The arithmetic runs the other direction too, and that version is easier to feel. Every hour a coordinator spends on hold is an hour you are paying a salary for, spent on work the program should not have generated. That cost does not show up as a pharmacy expense. It shows up as a coordinator who needs a second coordinator, a manager who stays late, a nurse who leaves for a job with fewer phone calls. The bill still comes. It just arrives somewhere the pharmacy invoice cannot see.

The line nobody is accountable for

Here is the uncomfortable part. A vendor whose invoice is built around drug spend has every reason to manage the number on the invoice, and no particular reason to manage the hours that never appear on it. Worse, a vendor paid per claim has an active reason to generate more touches, more fills, more rejections to resolve, more reasons for your team to pick up the phone. The invisible line is not an oversight. In some arrangements it is a feature.

That is what makes it dangerous. A cost that no one is accountable for is a cost that grows. When you compare vendors on the invoice alone, you are comparing them on the one line they were built to optimize, while the line that quietly drains your staff and your margin stays out of frame. The lowest invoice can sit on top of the highest total cost, and nothing in the comparison would tell you.

What it looks like when the hours come back

The way to shrink the invisible line is to stop manufacturing it, and most of it is manufactured by fragmentation. When the work lives in one platform instead of scattered across a portal, an EHR tab, and a phone line, the hours come back.

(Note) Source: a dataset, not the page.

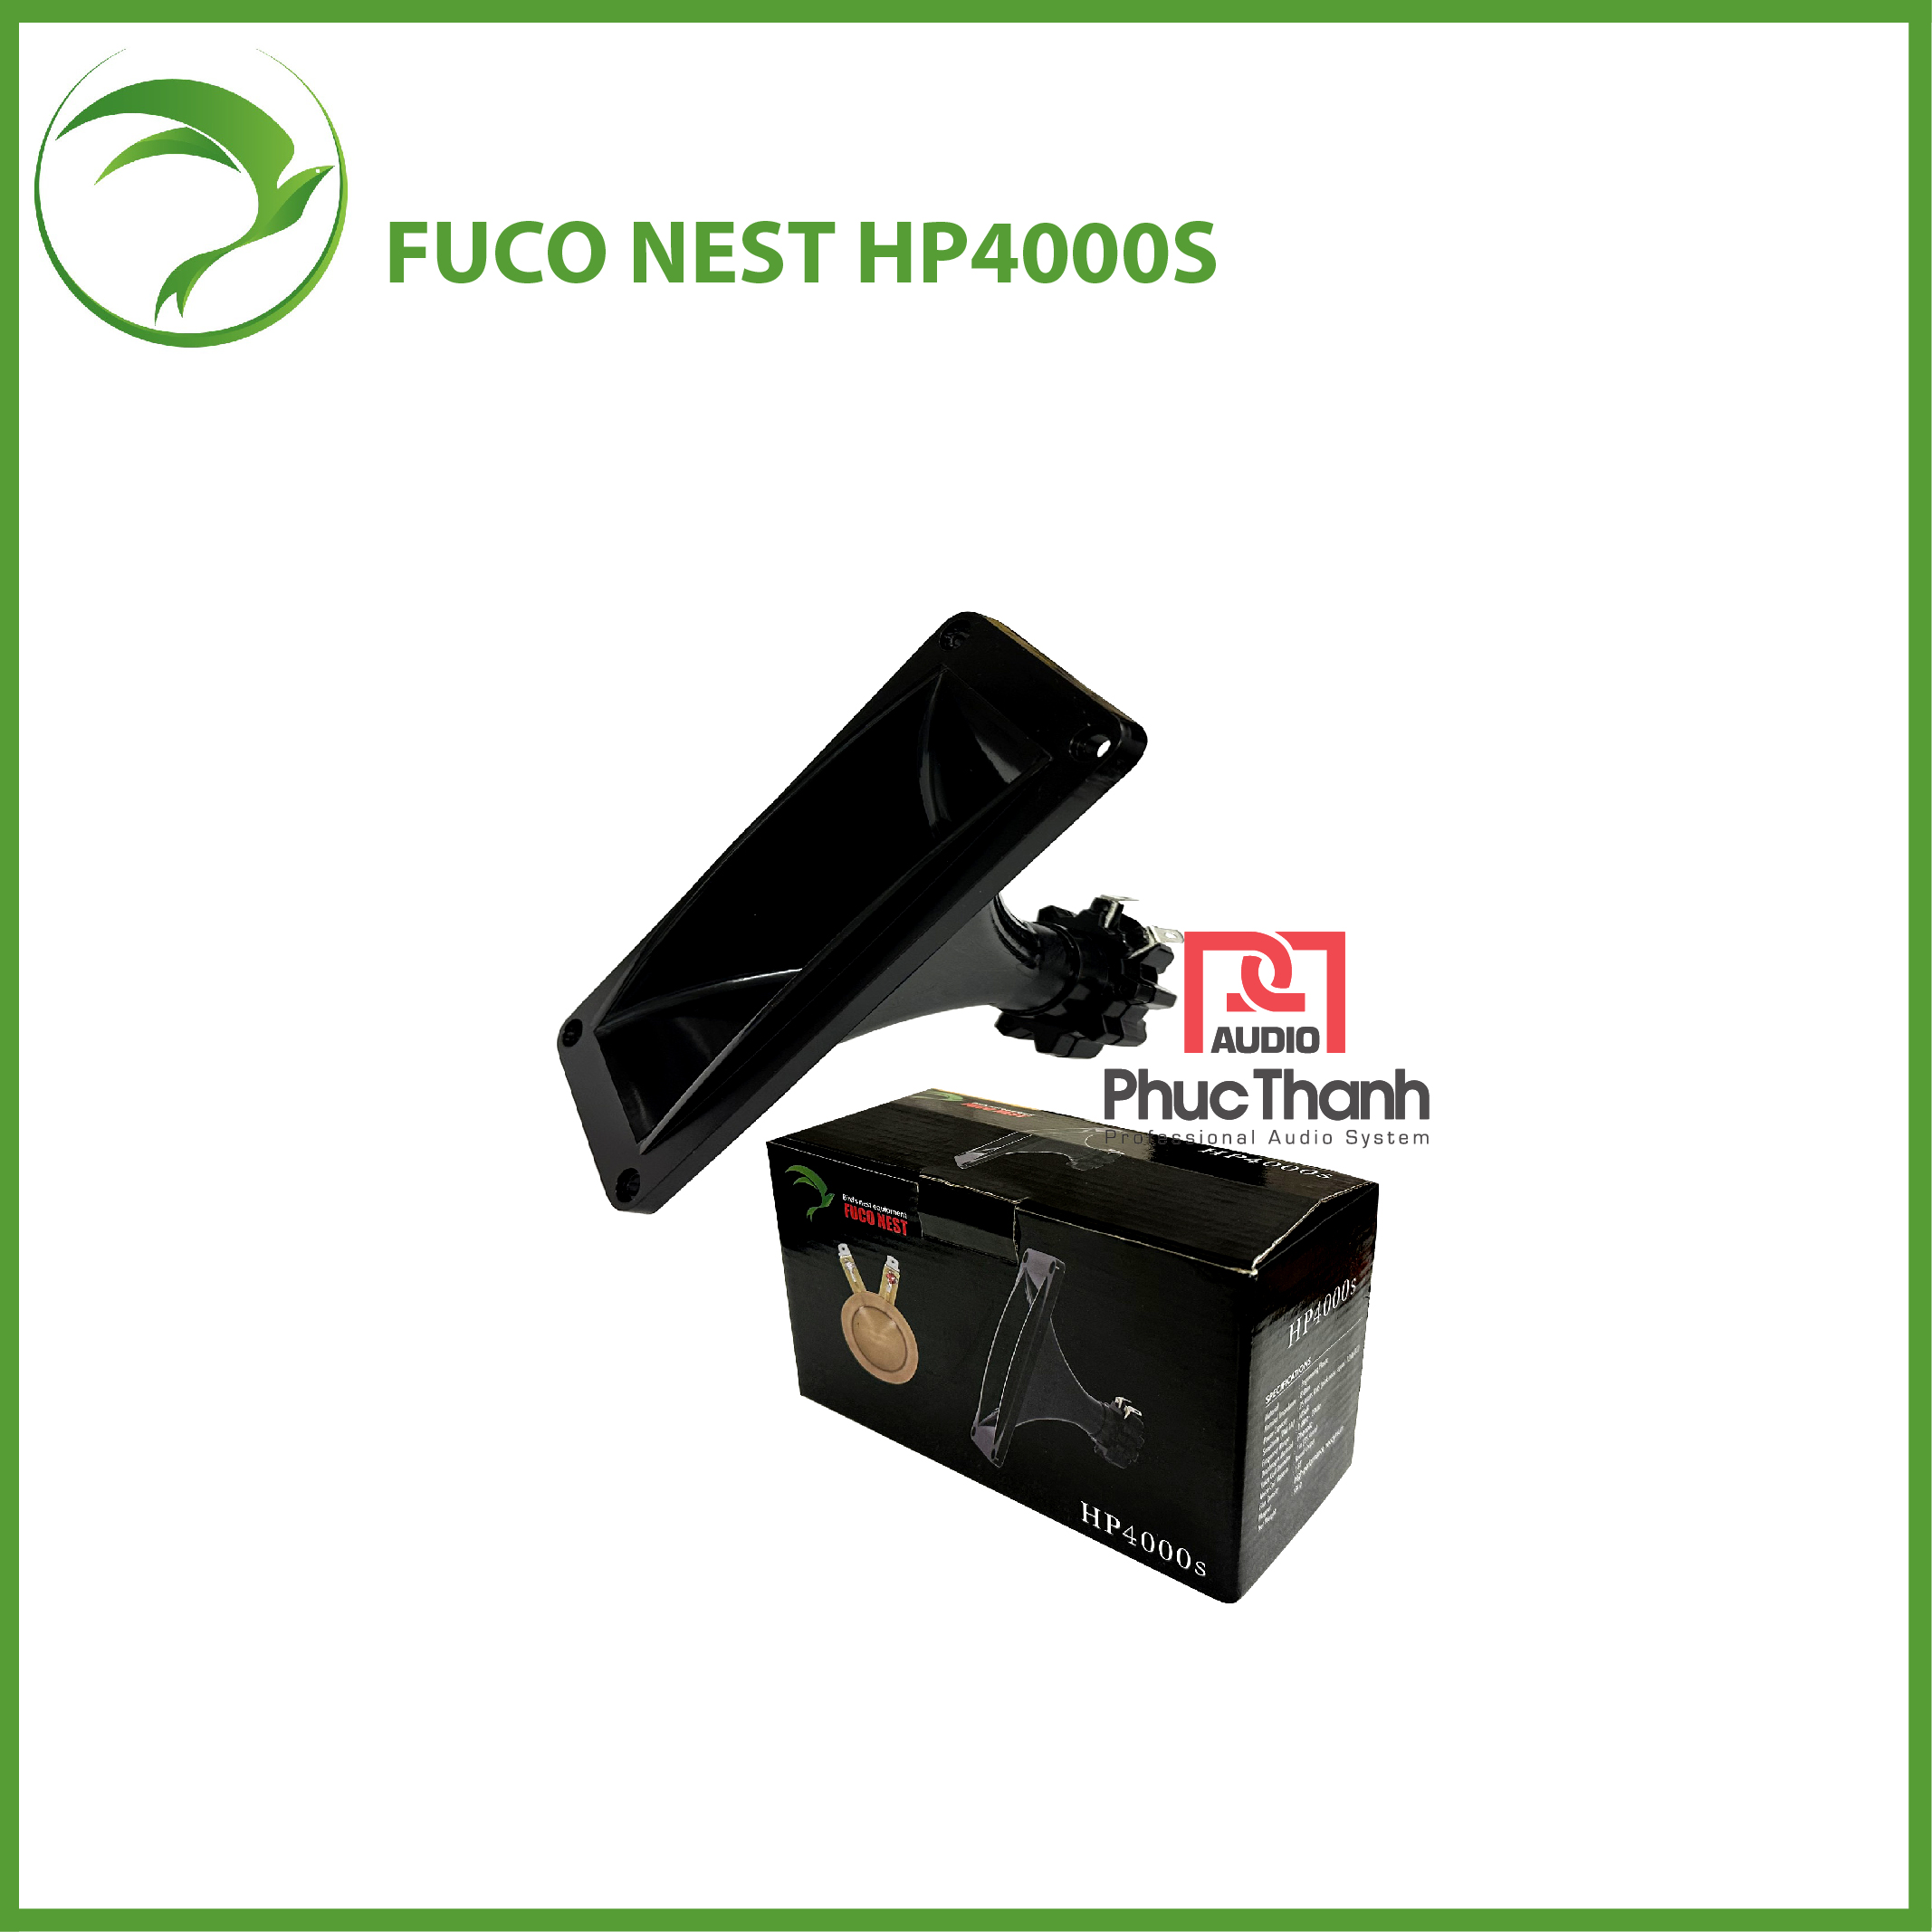 Loa Fuco Nest HP4000S

In MerlinRx, orders, prescriptions, claims, formulary, and prior authorizations sit in one system. A coordinator works prior authorizations from a single worklist instead of a voicemail trail. Price and coverage can be checked against contract rates before a claim goes out, so fewer of them come back as rejections to chase. Prescribers clear a pending queue in bulk, and agent delegation lets routine work move without pulling a physician into every script. The nurse can see where a medication is instead of calling to find out, and the script that reaches the pharmacy counter is one built to process cleanly the first time.

None of that is a time-savings promise. We have no client data to put a number on it, and we are not going to invent one. It is a description of where the hours currently go and what removes the reason they are spent. The number you put on your own invisible line is the number to hold any platform against, including ours.

The line that matters most

The invoice will keep reconciling. It will keep showing drug cost and fees, and it will keep saying nothing about the afternoon your coordinator lost to a hold queue or the visit your nurse did not make. The only way to manage a cost you cannot see on the bill is to choose a system that does not create it in the first place.

So before you renew on the strength of a clean-looking invoice, ask the question the invoice cannot answer: what is your team's time actually costing you, and who profits when it is spent?